Suddenly frightened but without knowing why, Barbara dropped her bag on the white counter and stooped to unstrap her high-heeled sandals.
“Mike, I’m home.” The house was silent, eerily so, and her heart began a crazy and uneven race. The living room was dark but a lone light shone from the flight of stairs.
She was on the fourth step when she heard it. The sound of a wardrobe slamming. “Michael.” She ran up the stairs, hitching up her skirt. The door to their room was wide open, the huge bed buried under an avalanche of clothes. On the floor was a huge suitcase.
Michael was pulling out clothes from the walk-in wardrobe, his face contorted in concentration.
“Michael, what’s the matter? Where are you going?”
He looked her way but seemed not to see her but through her. Then he shook his head and returned to his chore.
“What’s happening here?”
When he replied, his voice seemed to come from a faraway place, from within his very soul. “Going away, that’s what I’m doing.”
For a full minute, she stood statue-still, the words refusing to form on her lips.
“Eighteen long years, Barbara. That’s how long we’ve been married. I was barely twenty-three, you twenty-two.” His eyes turned dreamy, as he pulled them both into remembrance. “I wanted a little baby immediately, but you had to go to college. And after college, you wanted to take professional exams…”
She started to interrupt but he held up a hand to cut her off. “And after that, you had to start a career.

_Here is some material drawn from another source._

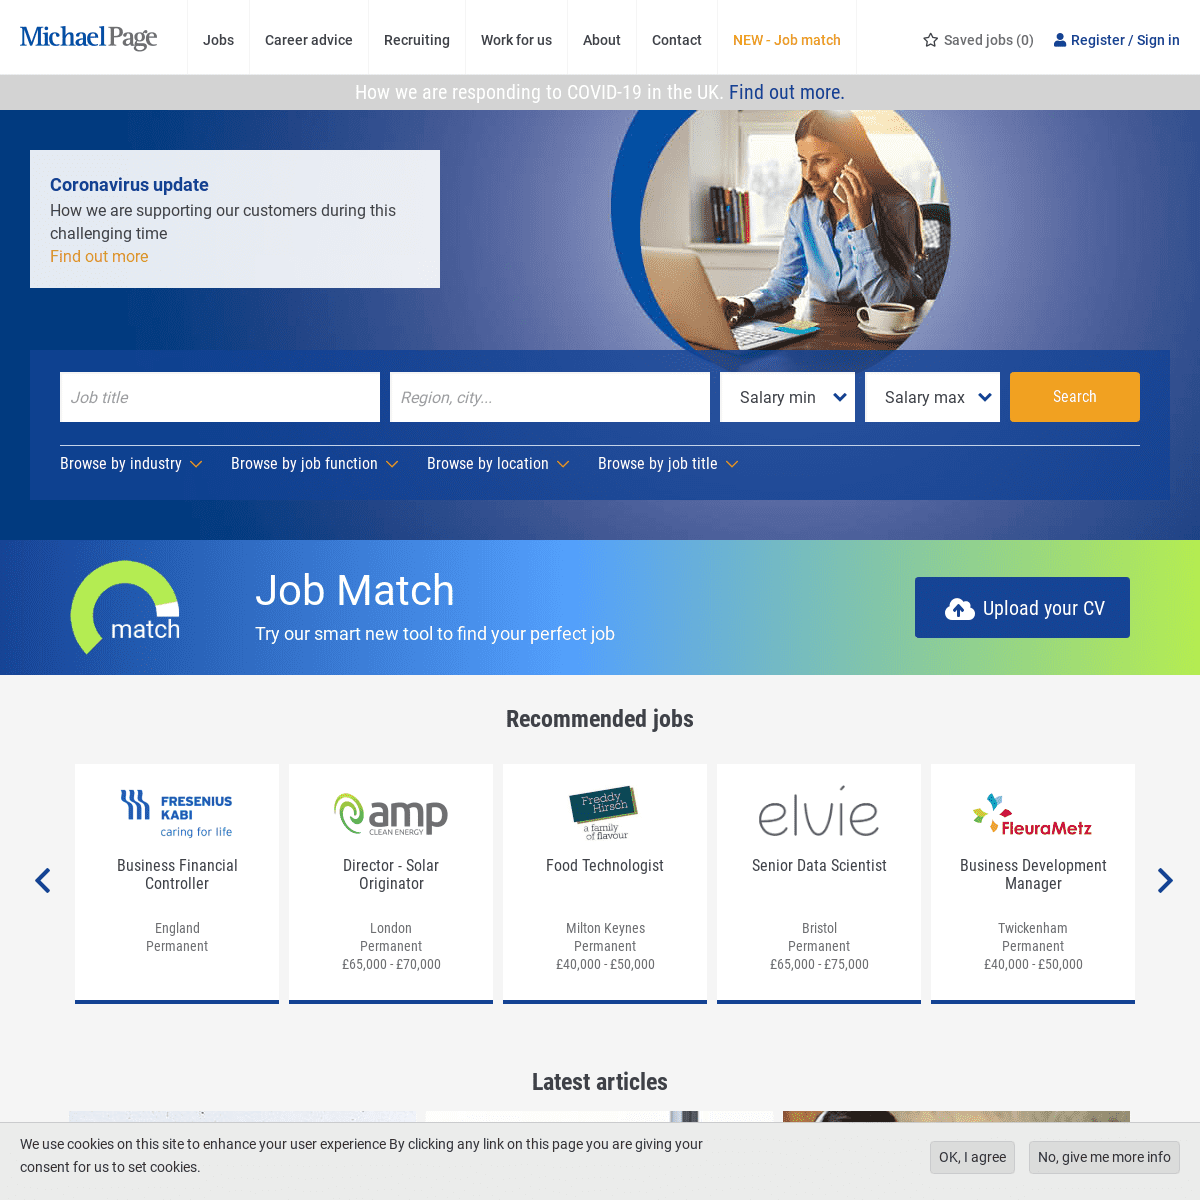 A complete backup of michaelpage.co.uk

And after that, you had to establish the career. Honey, it just dawned on me that you never meant to be a mother. And if there’s anything I desire more than life itself, it’s a child. One that we can call our own, one that we can love and give all the privileges we were denied as children.” A lone tear formed in his right eye.
She struggled to rise from the cobwebby depths to which she had fallen. “But Michael…”
“Forget it. You’d only give more excuses why we should wait. But we’re no longer kids. I’m forty-one, and some men my age are already granddads. I can’t take it anymore.”
A wall of grief sprang up from her stomach, rising to her chest, constricting, cutting off the words she should speak, the pleading she should do. She stood there, arms stiffly at her sides, the tears cascading from her eyes.
She stood there, watched as Michael finished packing, watched as he lugged the suitcase out of the room, and listened as his car purred to life outside.
Then she sank to the floor, still not speaking, but weeping like a dam damaged and untended.